Exercise instructions:
Produce as output only the lines below starting at the line with "Lightly toast 1" and continuing through the line with "Put into blender", each one exactly as written.

Listed records:
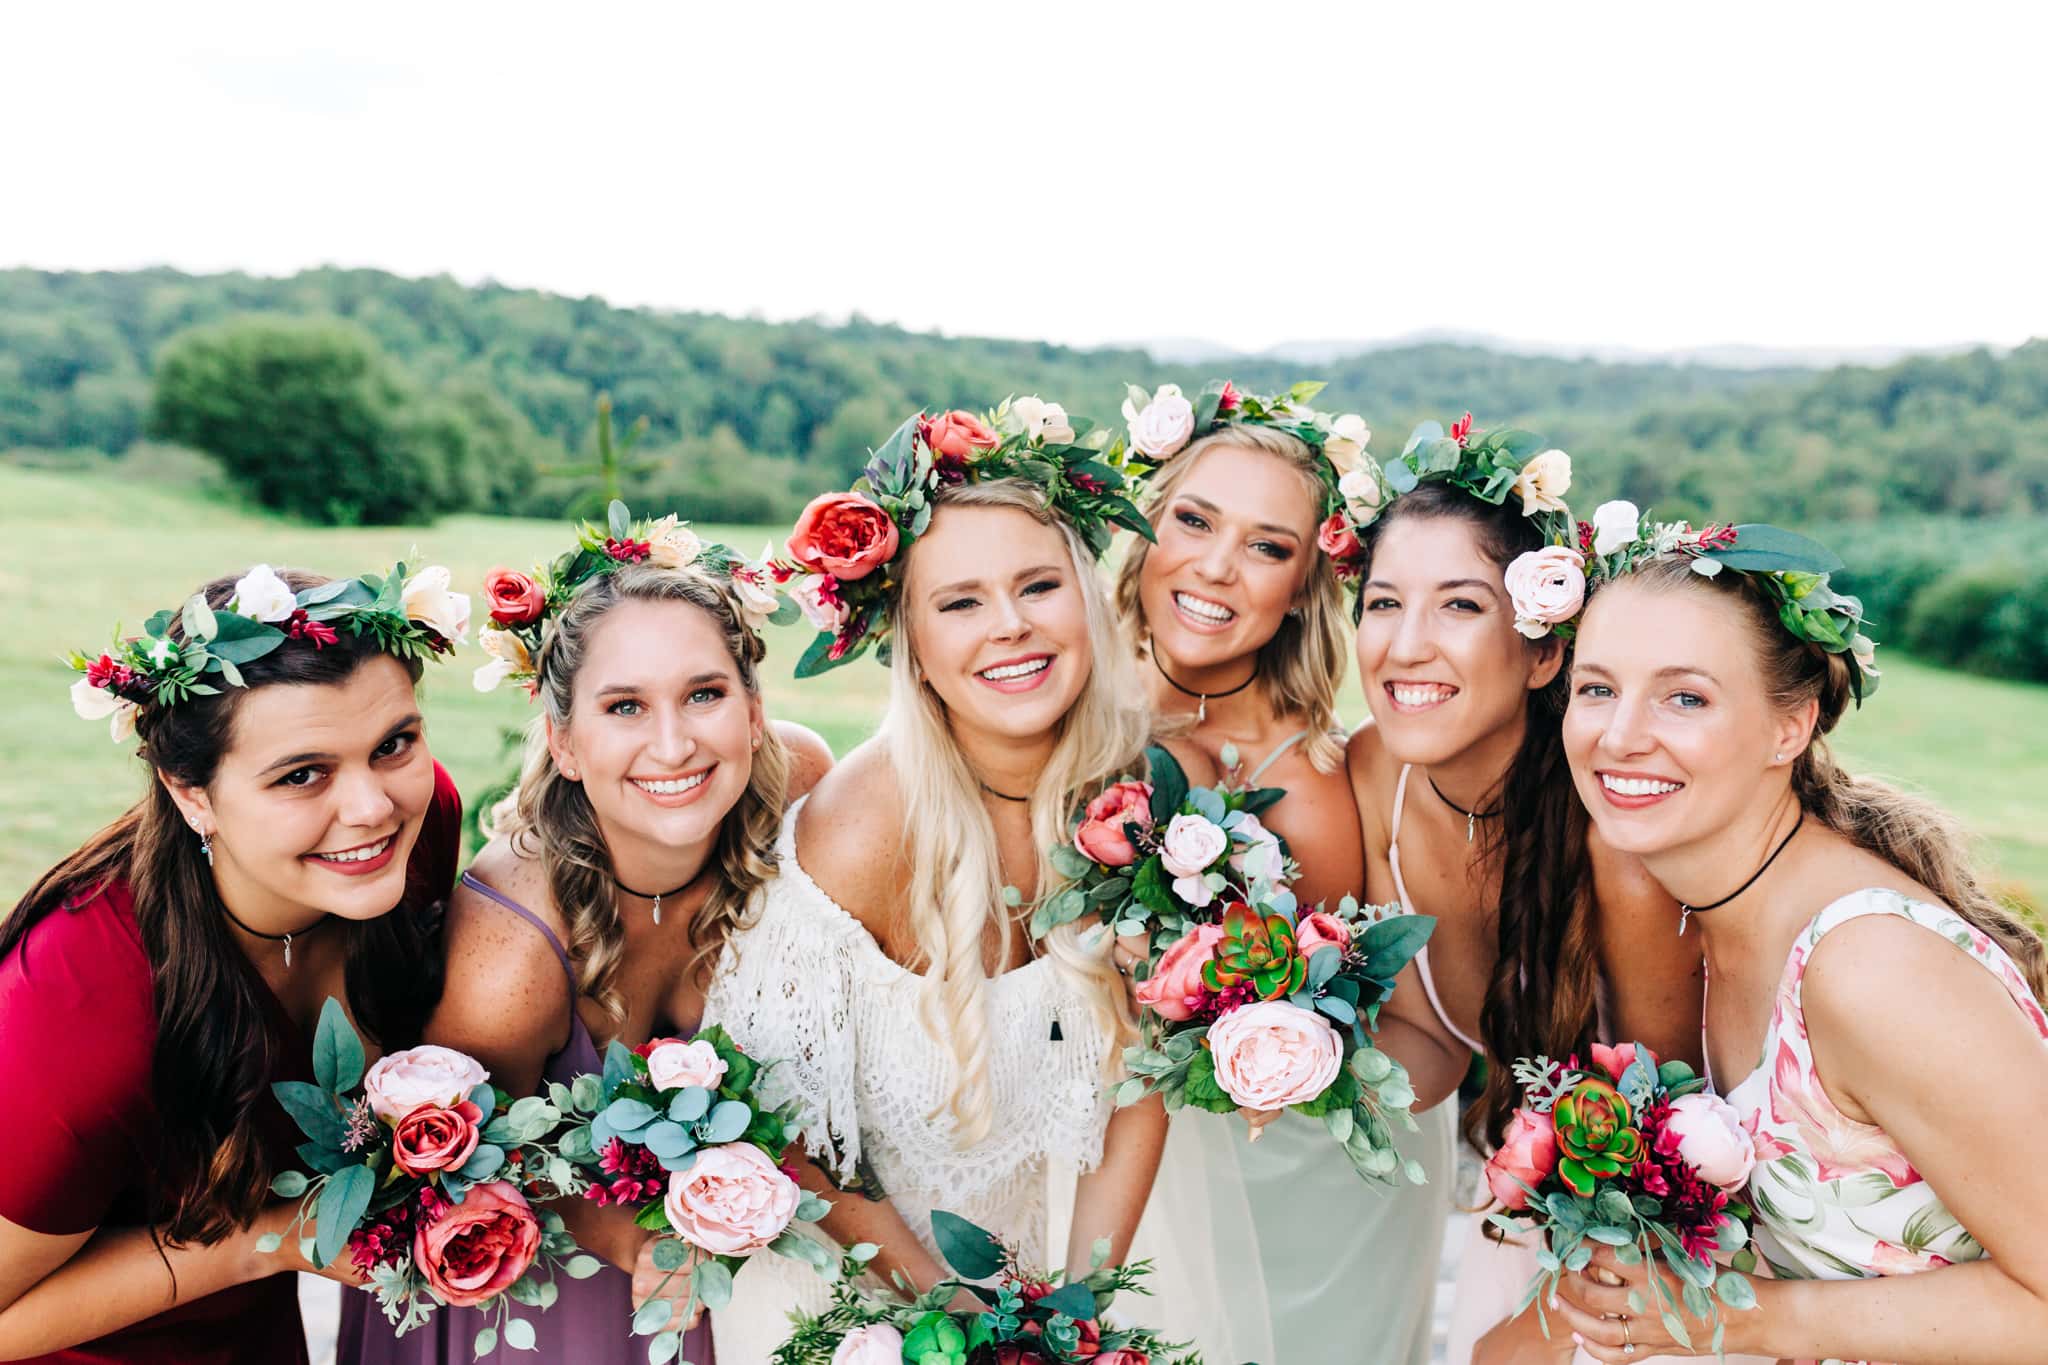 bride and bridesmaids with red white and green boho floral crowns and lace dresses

==

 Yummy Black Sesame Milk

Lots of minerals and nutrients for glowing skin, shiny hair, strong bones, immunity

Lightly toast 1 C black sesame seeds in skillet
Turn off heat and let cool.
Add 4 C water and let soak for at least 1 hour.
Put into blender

Problem solution:
Lightly toast 1 C black sesame seeds in skillet
Turn off heat and let cool.
Add 4 C water and let soak for at least 1 hour.
Put into blender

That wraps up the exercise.